Op het eerste zicht lijkt het alsof extreemrechts recent enkele nederlagen heeft geleden in Latijns-Amerika.
In Brazilië zit ex-president Jair Bolsonaro voor lange tijd in de gevangenis vanwege zijn rol in de mislukte staatsgreep op 8 januari 2023 (geïnspireerd door Trumps mislukte poging tot staatsgreep op 6 januari 2021). In de eerste ronde van de presidentsverkiezingen in Chili (16 november) heeft de kandidaat van de Communistische Partij, Jeannette Jara, de meeste stemmen behaald. Ze trekt op 14 december met een centrumlinks blok naar de tweede ronde. En ondanks alle pogingen om de regering van Venezuela omver te werpen, blijft president Nicolás Maduro vooralsnog aan de macht. Hij heeft grote delen van de bevolking gemobiliseerd om de Bolivariaanse Revolutie tegen alle bedreigingen te verdedigen. Tenslotte stemden de meeste landen ter wereld eind oktober 2025 in de Algemene Vergadering van de Verenigde Naties voor een resolutie waarin een einde wordt geëist aan de blokkade van Cuba. Deze indicatoren -van de opsluiting van Bolsonaro tot de stemming over Cuba- suggereren dat extreemrechts er niet in geslaagd is om zijn agenda overal en via alle kanalen door te voeren. Bij nader inzien zijn er echter aanwijzingen dat Latijns-Amerika geen heropleving beleeft van de Roze Golf (zoals werd verwezen naar de politieke ruk naar links op het hele continent na de verkiezing van Hugo Chávez in Venezuela in 1998), maar de opkomst van een extreemrechtse Boze Golf, die de regio van Midden-Amerika tot aan de Zuidelijke Kegel langzaam begint te overspoelen.
Verkiezingen in Zuid-Amerika
De eerste ronde van de Chileense presidentsverkiezingen leverde een zorgwekkend resultaat op. Terwijl Jara van de Communistische Partij met 26,85% de meeste stemmen won (de electorale opkomst was 85,26%), behaalde de extreemrechtse José Antonio Kast de tweede plaats met 23,92%. Evelyn Matthei, behorend tot traditioneel rechts overtuigde 12,5%, terwijl de extreemrechtse kandidaat Johannes Kaiser -die ooit deel uitmaakte van Kasts Republikeinse Partij maar nu rechts van hem staat- 14% behaalde. Jara zal in de tweede ronde waarschijnlijk een deel van de centrum-stemmen binnenhalen, maar dat zal niet voldoende zijn om te winnen van extreemrechts, dat zeker meer dan 50% van de kiezers achter zich lijkt te hebben. De zogenaamde sociaal-liberaal Franco Parisi, die derde werd, steunde Kast al in 2021 en zal hem waarschijnlijk opnieuw steunen. Dat betekent dat het presidentschap in Chili in handen zal terechtkomen van een extreemrechtse man wiens familie gelinkt is aan het Duitse nazisme (zijn vader was lid van de nazipartij en ontsnapte aan gerechtigheid dankzij de tussenkomst van het Vaticaan) en die van mening is dat de dictatuur in Chili van 1973 tot 1990, alles in acht genomen, een goed idee was.
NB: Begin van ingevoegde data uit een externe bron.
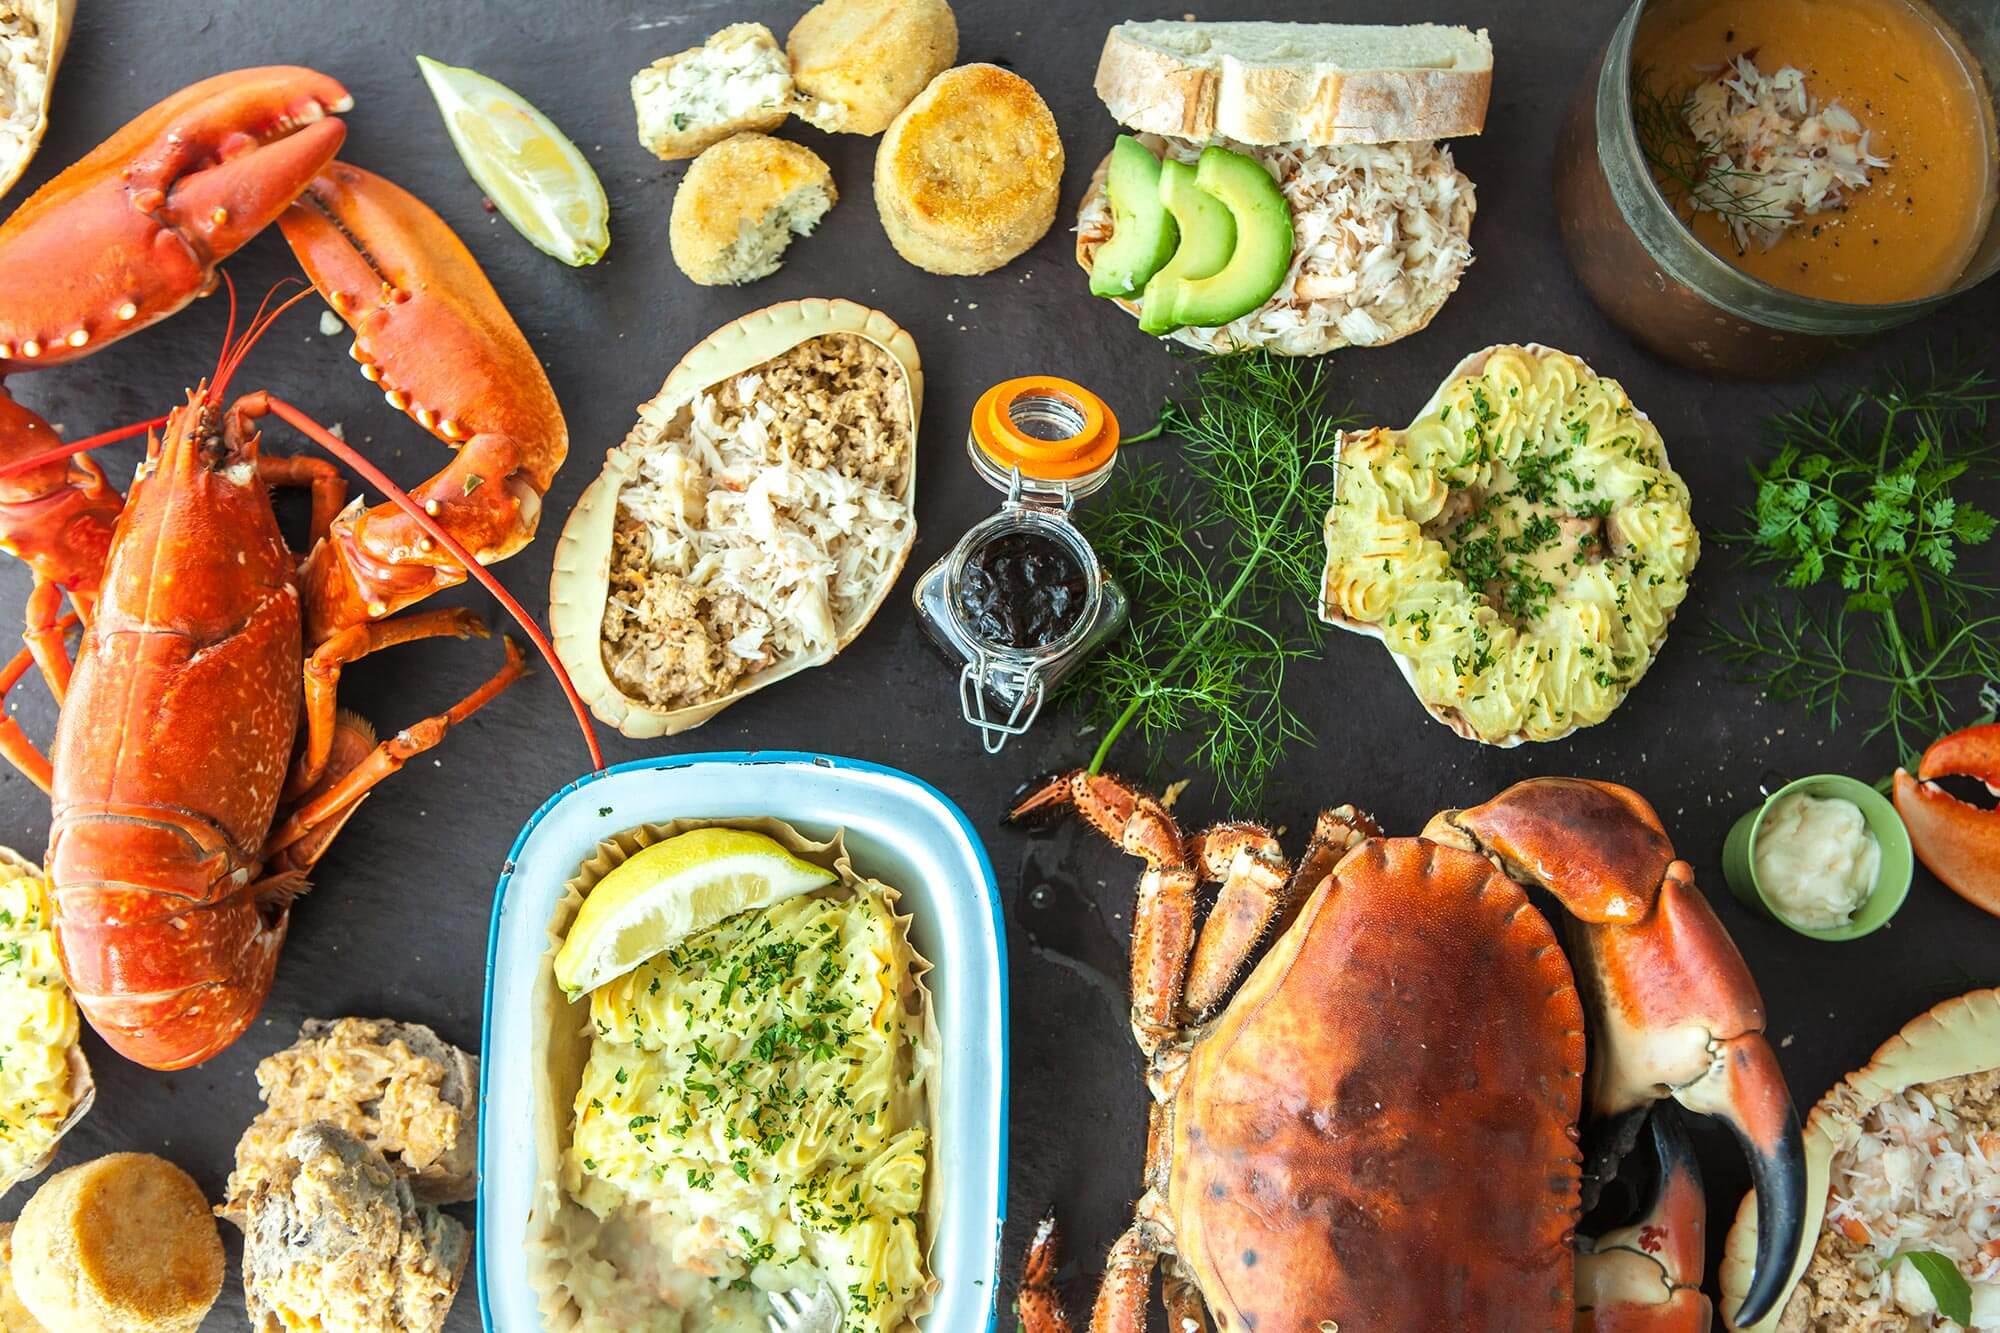 Freshly caught Crab and seafood   Dorset Shellfish

Ten noorden van Chili, in Bolivia, versloeg de nieuwe president Rodrigo Paz Pereria, zoon van een voormalig president, de extreemrechtse Jorge Tuto Quiroga (een voormalig president) in de tweede ronde van de verkiezingen waarin geen enkele linkse kandidaat meedeed (dit nadat de Beweging voor Socialisme het land van 2006 tot 2025 onafgebroken regeerde). De partij van Paz Pereria heeft een minderheidspositie in het parlement. Hij zal zich daarom moeten aansluiten bij de Libre-coalitie van Quiroga en waarschijnlijk een pro-Amerikaans buitenlands beleid en een economisch libertair beleid gaan voeren.
Peru houdt in april verkiezingen. Men verwacht dat ze gewonnen zullen worden door de voormalige burgemeester van Lima, Rafael López Aliaga. Hij verwerpt het label extreemrechts, maar hangt wel alle generieke kenmerken van extreemrechts aan (ultraconservatief katholiek, voorstander van strenge veiligheidsmaatregelen en een libertair economisch programma).
Voor de Colombiaanse presidentsverkiezingen in mei 2026 wordt Iván Cepeda de waarschijnlijke kandidaat voor links. Aangezien het land geen tweede termijnen toestaat, kan de huidige linkse president Gustavo Petro zich niet opnieuw verkiesbaar stellen. Cepeda zal te maken krijgen met sterke tegenstand van de Colombiaanse oligarchie, die het land opnieuw onder haar duim wil brengen. Het is nog te vroeg om te zeggen tegen wie Cepeda het zal opnemen, maar het zou wel eens journalist Vicky Dávila kunnen zijn, wiens extreemrechtse oppositie tegen Petro aanhang vindt in onverwachte delen van de Colombiaanse samenleving. Het is dus plausibel dat de meeste staten aan de westkust van Zuid-Amerika -van Chili tot Colombia- tegen medio 2026 onder radicaal-rechts bestuur zullen staan.
Hoewel Bolsonaro in de gevangenis zit, is zijn Liberale Partij (PL), de grootste fractie in het Braziliaanse nationale congres. Het is wel waarschijnlijk dat Lula volgend jaar opnieuw tot president wordt gekozen vanwege zijn enorme persoonlijke connectie met het electoraat. De kandidaat van extreemrechts -dat zal ofwel Tarcísio de Freitas, de gouverneur van de staat São Paulo, ofwel een lid van het gezin Bolsonaro (echtgenote Michelle of zoon Flavio) zijn- zal het tegen Lula moeten opnemen. Verwacht wordt dat de PL in de komende verkiezingen nog meer terrein zal winnen in de Senaat. De huidige controle van extreemrechts over het Nationaal Congres legt de regering reeds aan banden (op COP30 deed de vertegenwoordiger van Lula geen voorstellen om de klimaatramp het hoofd te bieden), maar een overwinning in de Senaat zal die controle over het land verder versterken.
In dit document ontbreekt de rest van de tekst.